Мы курили и молчали. Жизнь разбрасывает людей, и, пересекаясь на время в той или иной ситуации с каким-то человеком, не понимаешь даже – чувствуешь, как вы похожи… Или – были похожи – давно, в том прошлом, какое истаяло золой… И становится жалко… или этого прошлого, или того, что вы сделались другими. Бог знает.
– Эжена нашли? – спросил я.
– Да. Он напился и уехал к Гоше. Чем он был напуган и отчего – объяснить не мог. Впрочем, спьяну так бывает. Короче, спал он в собачьей будке под охраной огромного волкодава по кличке Орган. Символично. Ладно, разбежались. Ты – птица вольная, а мне еще работать и работать. И – хочешь совет? Уходя со сцены – не забывай выйти из роли.
Глава 95
…Я брел через опустевший ночной город, сам не зная куда. Идти в особняк на набережной мне не хотелось – было как-то неловко появиться там сейчас… А больше пристанища в этом городе у меня не было.

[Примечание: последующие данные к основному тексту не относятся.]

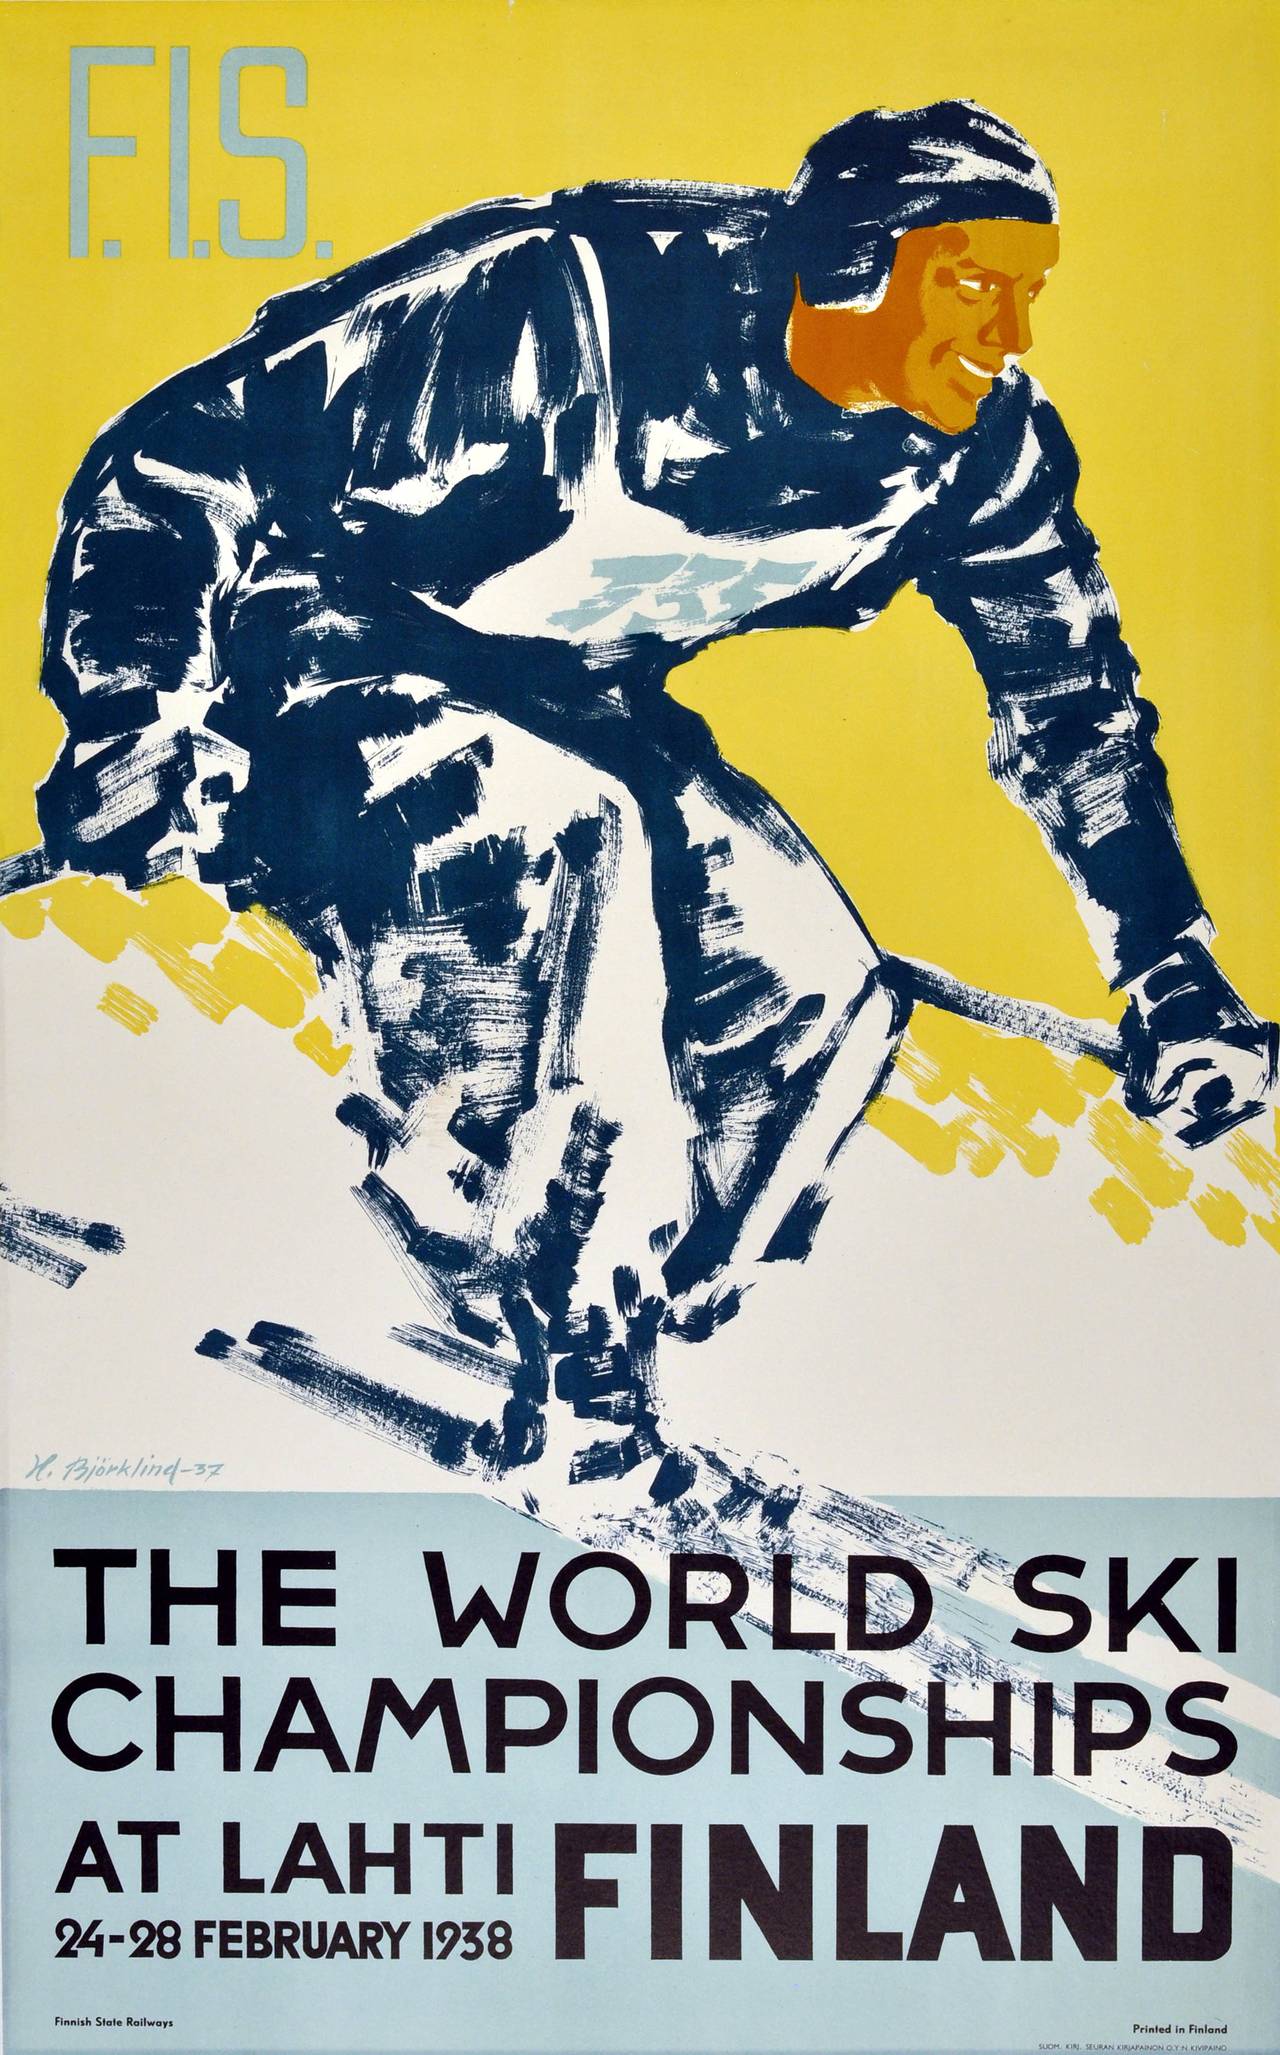 Unknown Print - Original Vintage Poster For The 1938 World Ski Championships At Lahti, Finland

Сначала я вышел на пустую площадь, на которой некогда играл Эжен еще ребенком… И обрывки мелодий бродили в усталой моей памяти… «Музыка лучше всего. Можно закрыть глаза и улететь далеко-далеко, в прекрасные страны, где все счастливы и беззаботны. Если бы я только смог… сделать так, чтобы люди оказались в своих снах, самых красивых, где все их близкие живы, и там, где много тепла и солнца…»

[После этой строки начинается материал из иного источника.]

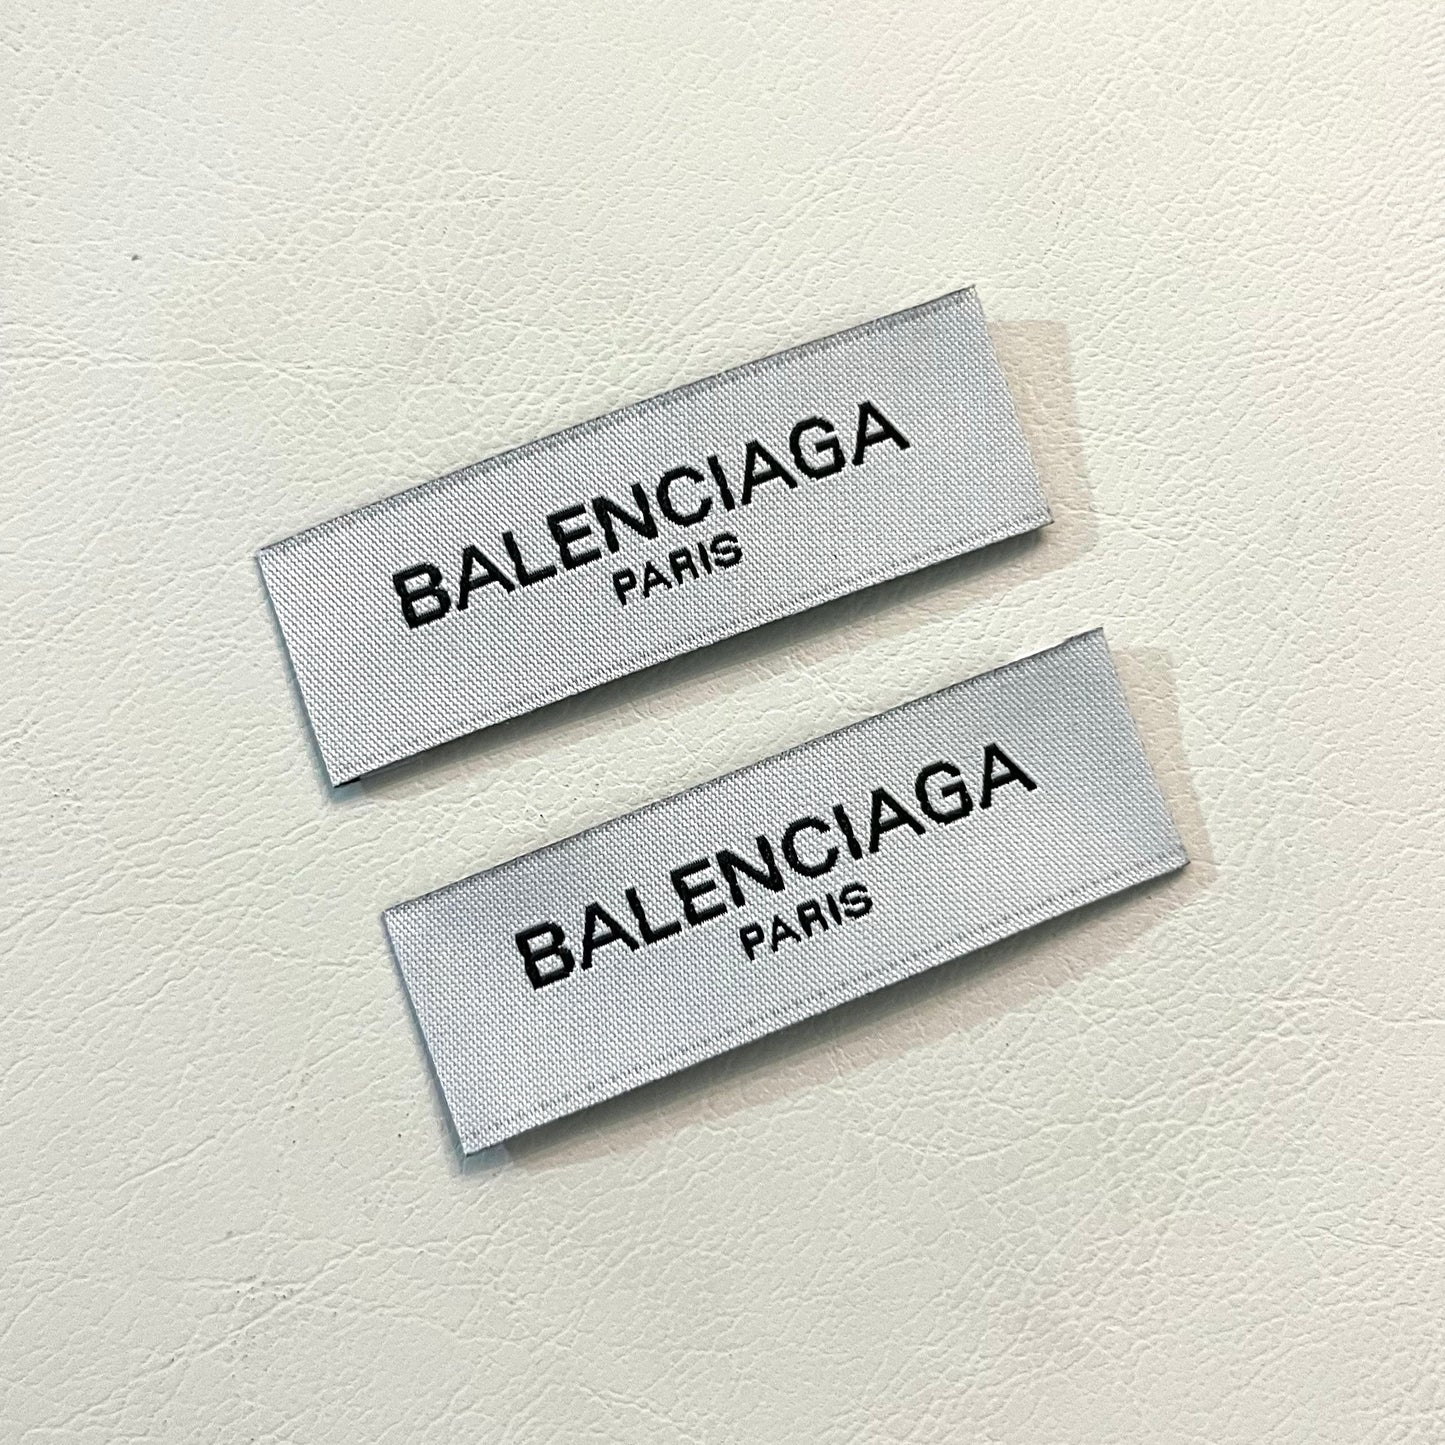 Balenciaga Paris Tag Label for Custom Apparel DIY Sewing Accessories

Потом спустился к морю… Прилег на копну высохших водорослей… И вереницы событий, так и не состоявшихся в разметанной моей жизни, обступили явью, а ушедшее виделось иллюзией, призраком, миражом из чужой, словно никогда и не существовавшей жизни… И еще – были видения жизни иной, вымышленной, мнимой, какую мы бережно храним в душах, но так и не решаемся прожить… И это неслучившееся минувшее с годами становится ярче и зримее, часто придавая нашей жизни тот смысл, какого она без этого вымысла была бы лишена… И человек высвобождается из гнетущего настоящего и интуитивно, озарением, находит новое свое будущее… Не то, что было предопределено обстоятельствами и всем его прошлым – иное, насыщенное, яркое, о каком он мечтал и к какому боялся не то что прикоснуться – приблизиться… Смысл… Не предавать прошлое, не потерять настоящее и – обрести будущее.

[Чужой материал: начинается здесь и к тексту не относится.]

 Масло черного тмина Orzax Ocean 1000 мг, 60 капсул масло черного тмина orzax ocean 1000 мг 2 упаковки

И еще – мне снова было страшно умереть, так ничего не создав и не воплотив, даже не попытавшись это сделать, так никого и не согрев, и чувствовать, что душа моя истлевает угольями во влажной и стылой нездешней ночи… А я… Я словно мчался сквозь сонное марево, и мне начинало казаться, что того, что случилось в этот день, что того, что случилось прежде, что того, что случилось за всю мою жизнь, – не было вовсе…
…А потом я видел снег, и опустившийся на город вечер был мутным и непроглядным, и напитанное тяжестью небо делало мир беспокойно-растерянным, а люди метались под этим небом – ломкие, уязвимые, и искали покоя, и – не находили… И видел, как мир постепенно мутнеет, обращаясь в сумерки, и жизнь словно бредет к закату… И закат этот был смутен за пеленою, и хотелось бежать, но бежать было некуда – слишком малы пространства усыпанных снегом улиц, слишком черны зеркальные провалы окон… И душа мечется и летит, и, не в силах взмыть и оторваться от земли, падает в мягкое, уже подтаявшее месиво, и кажется, – это ангел с изломанными крыльями, и он бредет, прикрываясь ими, будто серым мокрым плащом, и путь его укутывает мгла, и та, что позади, и та, что вокруг, и та, что будет…
И видел, как острые стрелы поземки несутся по ночным, заиндевевшим, отполированным слюдяной коркой льда улицам, а на площади – вихрятся смерчами у ног каменного истукана на высоком гранитном постаменте. Словно статуя Командора, он застыл перед темным зданием, безлично взирающим на подвластный город и неподвластный снег пустыми провалами черных окон… И видел, как в этой мгле ангел вышел на высокий берег, и, отбросив вымокшие крылья, оставил коченеющий город, и взмыл в прозрачно-строгое ночное небо.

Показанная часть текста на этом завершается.